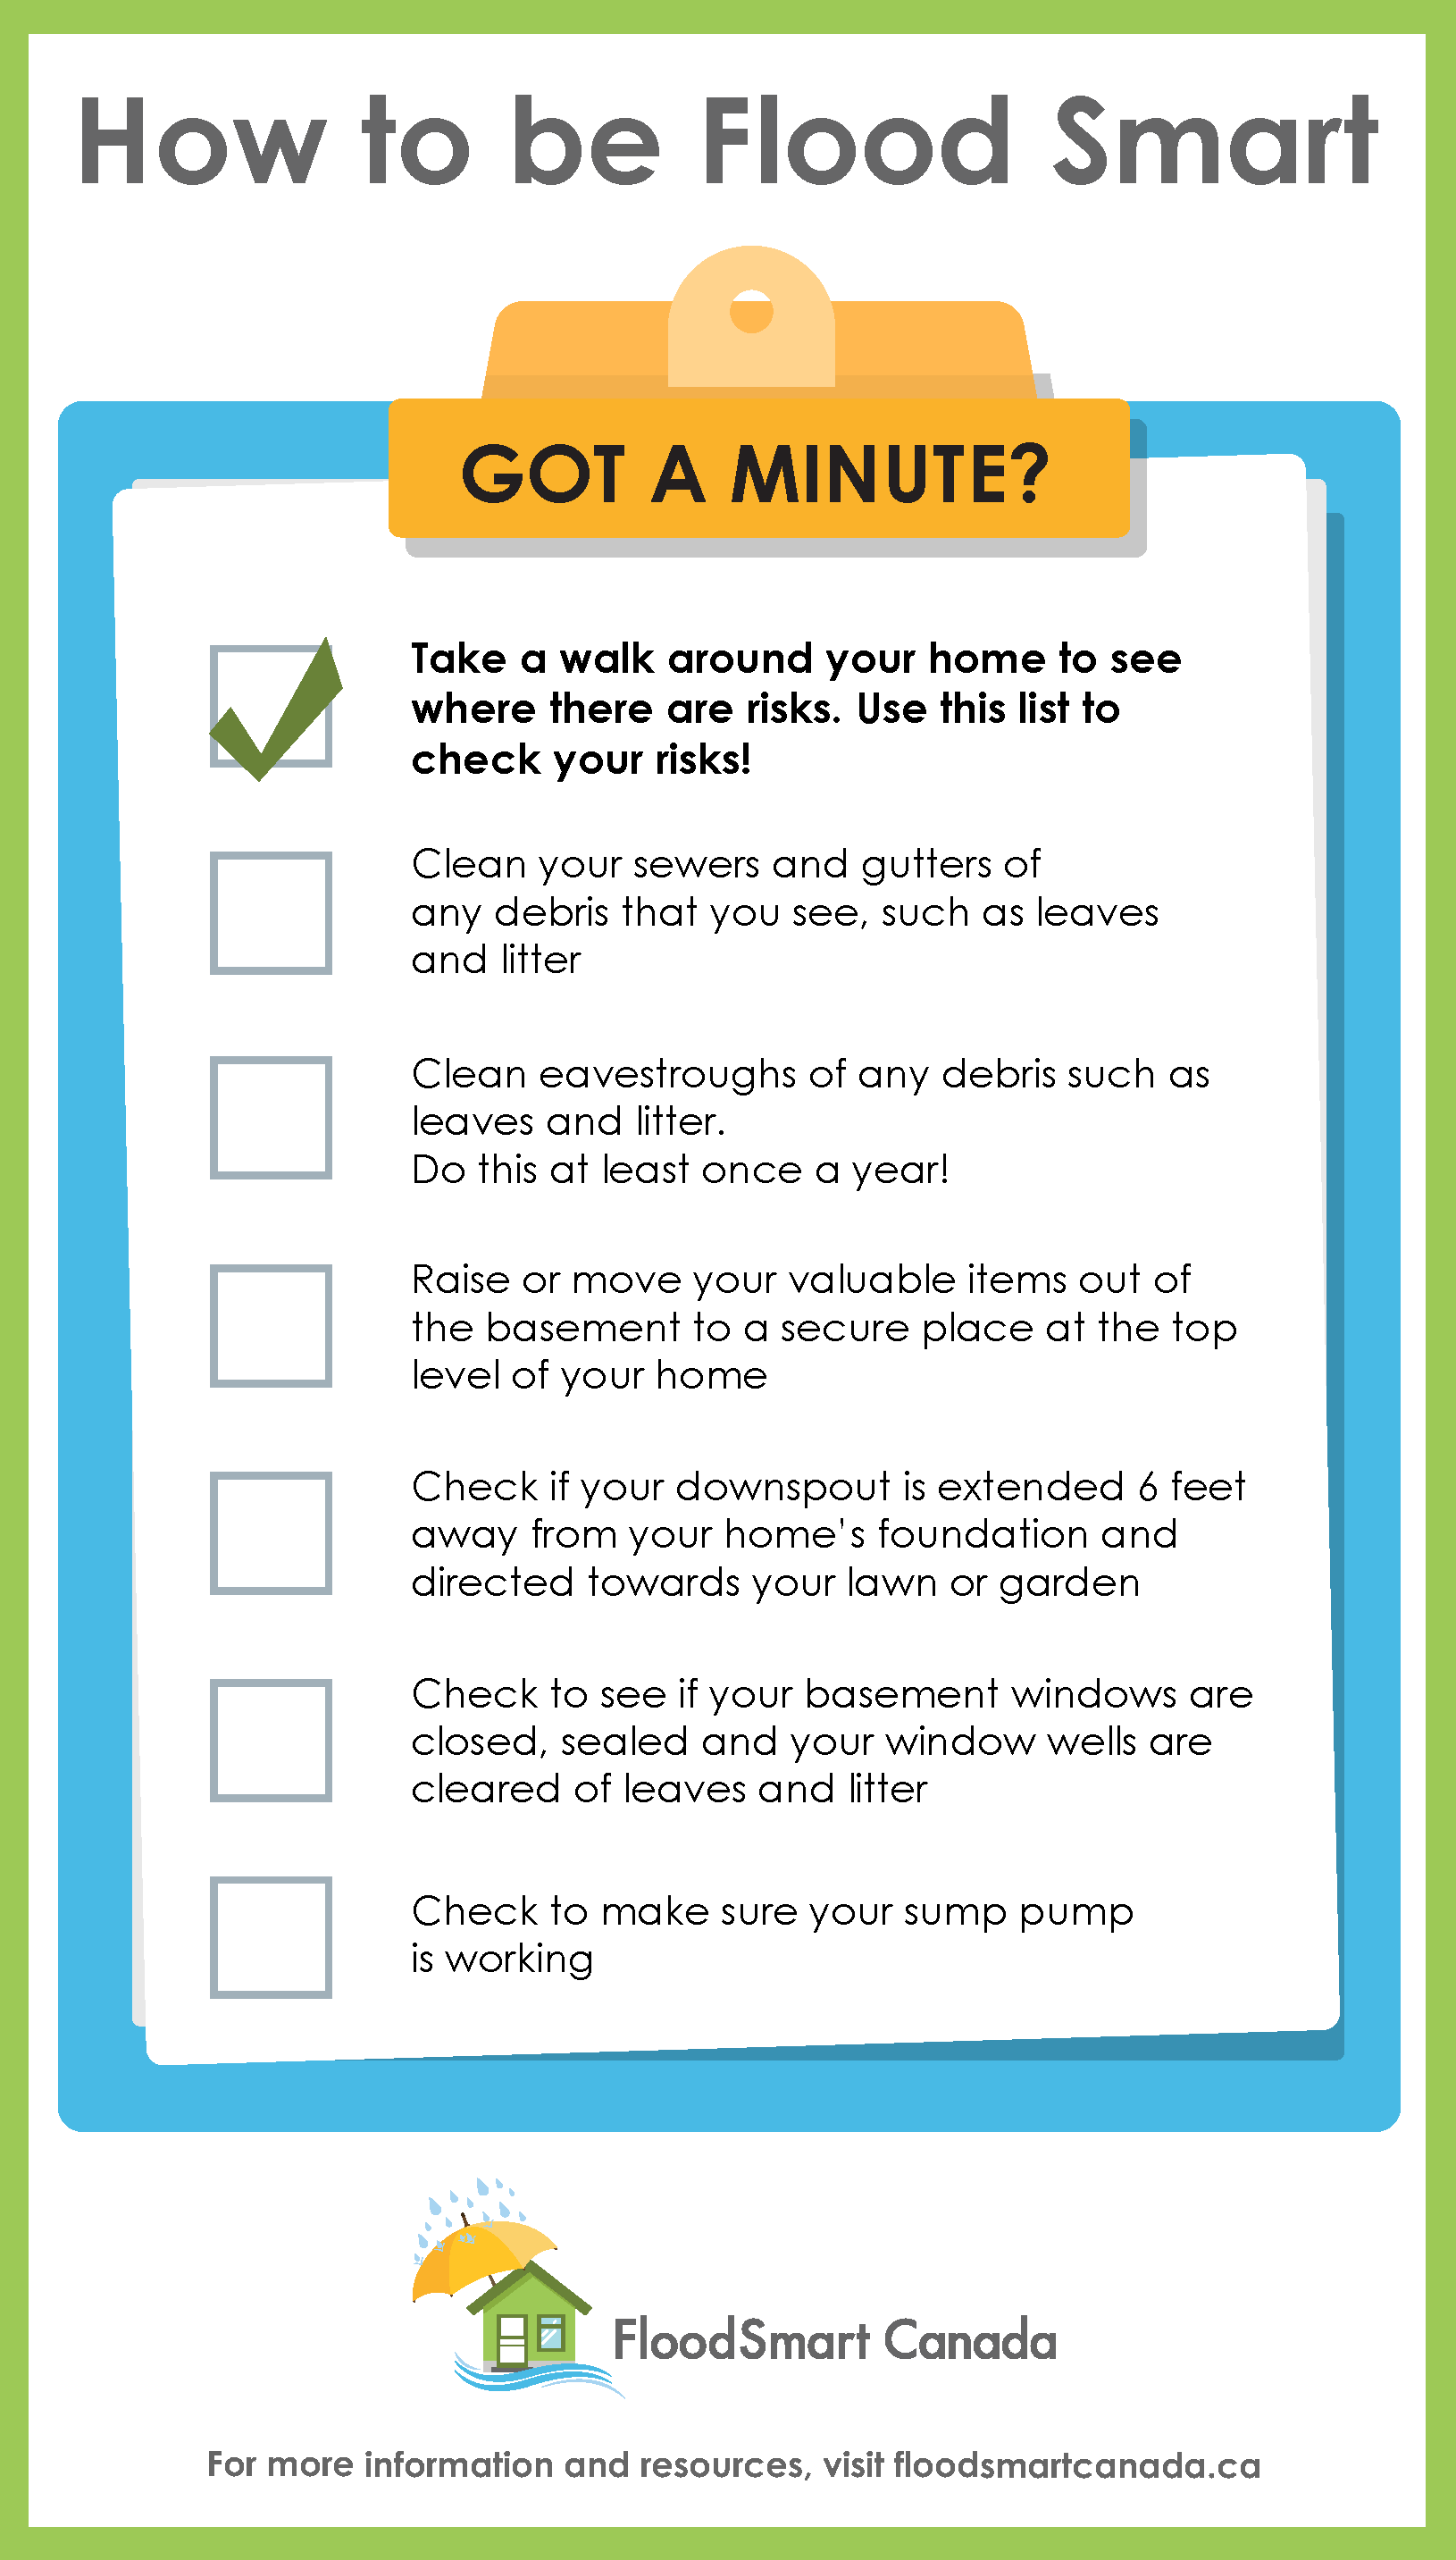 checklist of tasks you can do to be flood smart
--
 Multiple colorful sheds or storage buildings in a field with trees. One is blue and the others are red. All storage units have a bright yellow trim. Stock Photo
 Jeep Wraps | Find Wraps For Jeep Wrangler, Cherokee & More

• WHAT IS REQUIRED:
Print again the lines of the entries above that fall between the line holding "Multiple colorful sheds" and the line holding "Jeep Wraps |", inclusive, exactly as they stand.

• EXERCISE OUTPUT:
 Multiple colorful sheds or storage buildings in a field with trees. One is blue and the others are red. All storage units have a bright yellow trim. Stock Photo
 Jeep Wraps | Find Wraps For Jeep Wrangler, Cherokee & More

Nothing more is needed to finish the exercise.